The primary aim of this study was to develop a modified staging system for oral SCC that integrates DOI into the T categories. Our secondary aims were 2-fold: we aimed (1) to determine if there is significant heterogeneity between institutions in terms of the prognostic impact of DOI in view of the variable definitions used by previous authors19 and (2) to compare the prognostic performance of our modified system with the current AJCC T categories as well as previously proposed modifications based on DOI or thickness.

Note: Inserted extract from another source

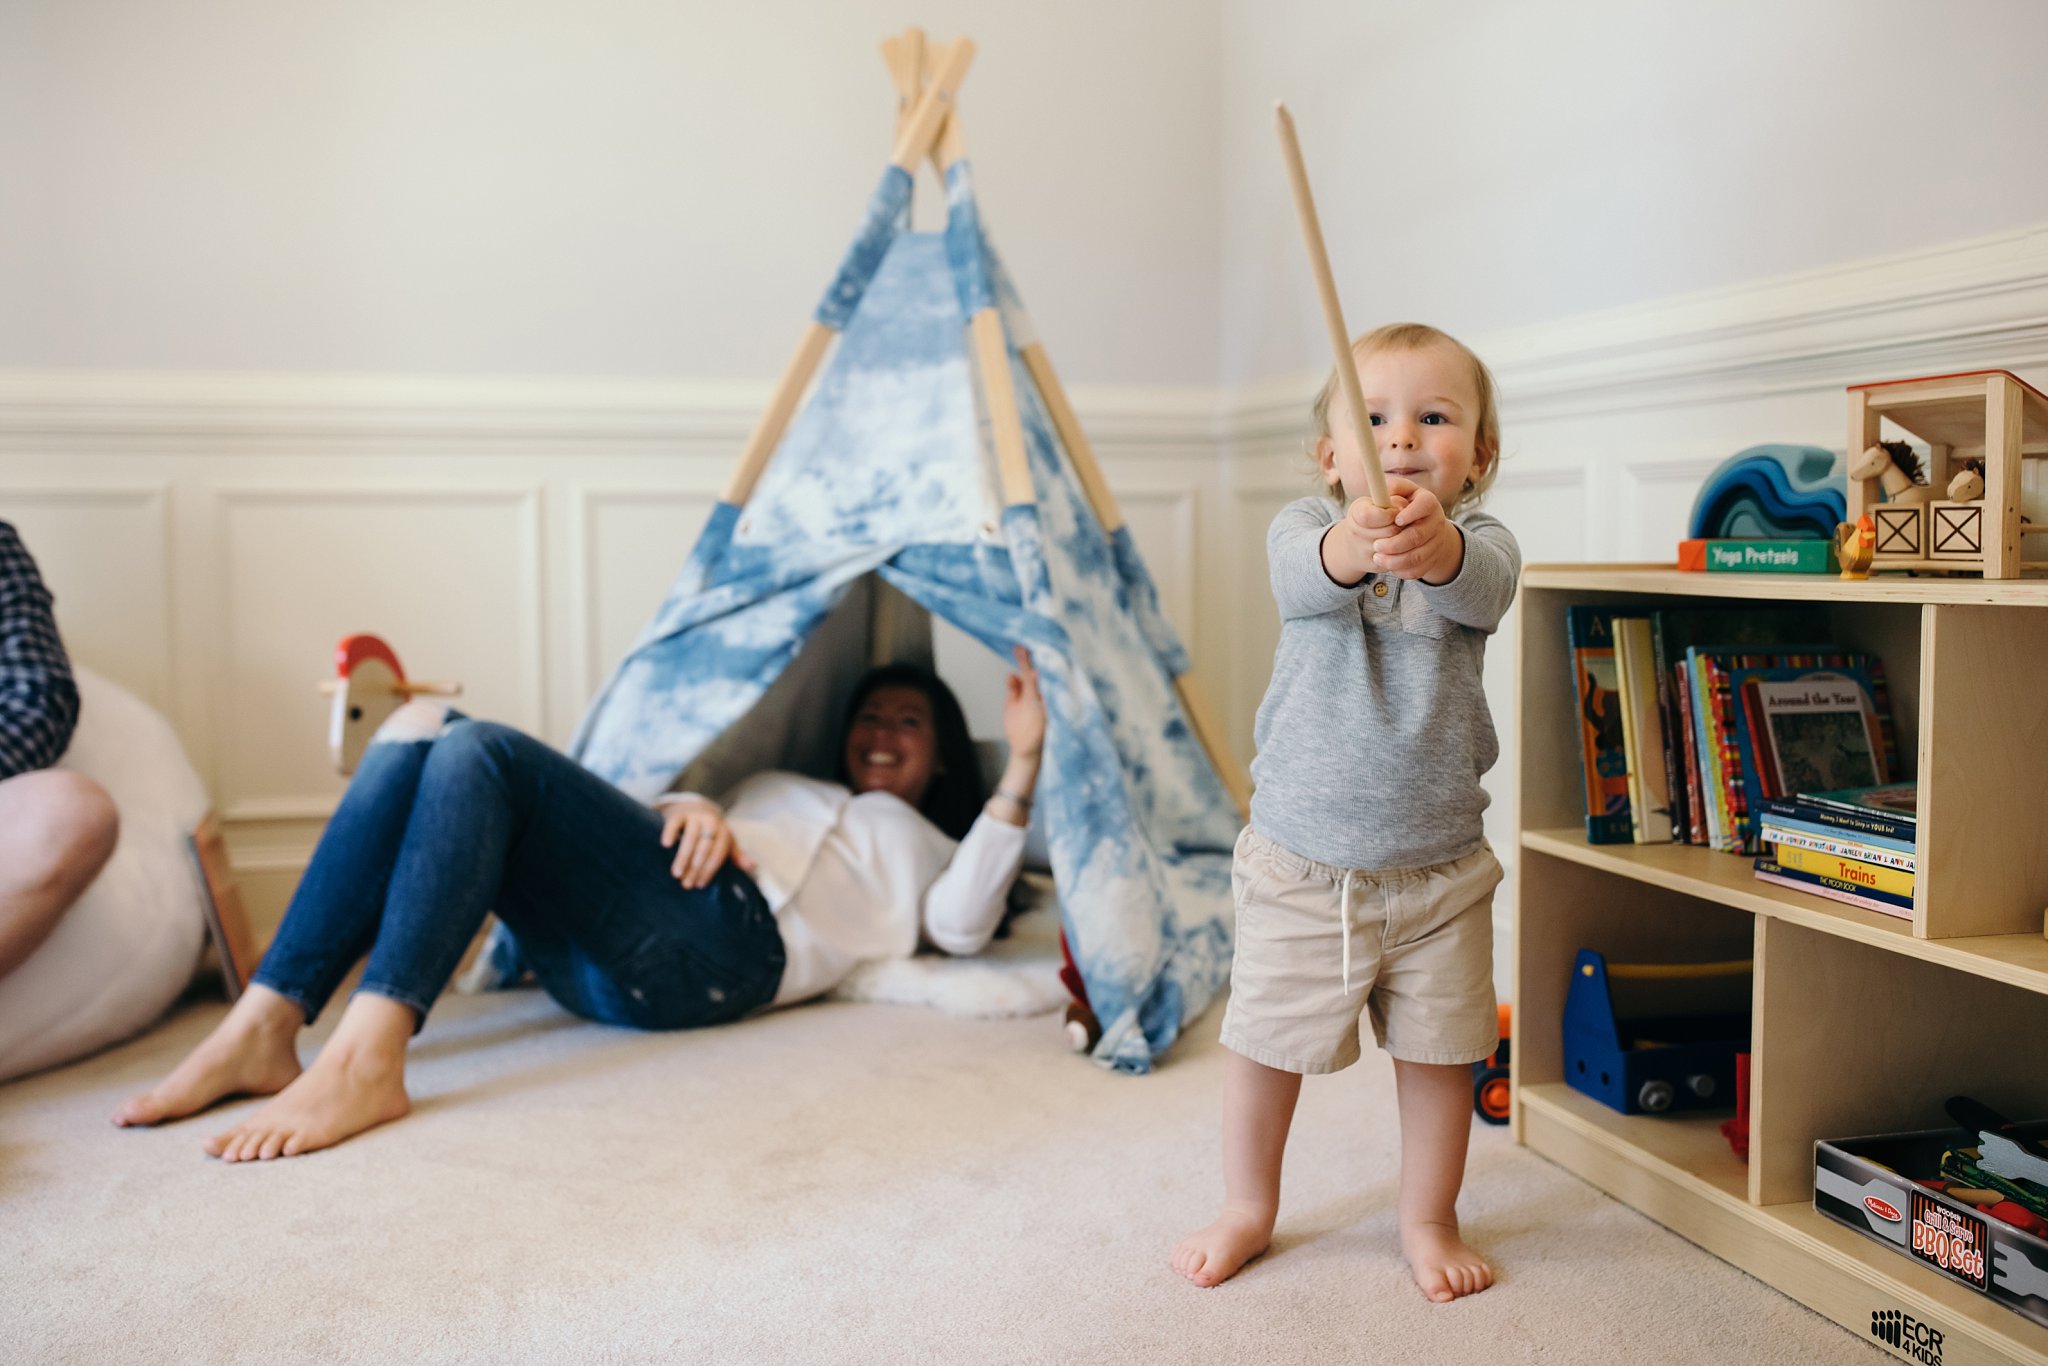 toddler boy playing with a stick in playroom with blue teepee in background

This international multicenter retrospective study included pooled individual patient data from 11 participating comprehensive cancer centers worldwide, treated between 1990 and 2011. Ethical approval was obtained from local institutional review board committees of the 11 participating centers. Patients with histologically confirmed oral SCC undergoing surgical resection of the primary tumor and neck dissection with curative intent were candidates for inclusion. We identified 3781 patients as candidates for inclusion in the study. We excluded cases if they had received neoadjuvant therapy (n = 22), were younger than 20 years (n = 5), experienced perioperative mortality (n = 16), or had inadequate information to determine primary DOI (n = 581), pathological T (pT) category (n = 0), or pathological N (pN) category (n = 8). The final study population consisted of 3149 patients (Table 1).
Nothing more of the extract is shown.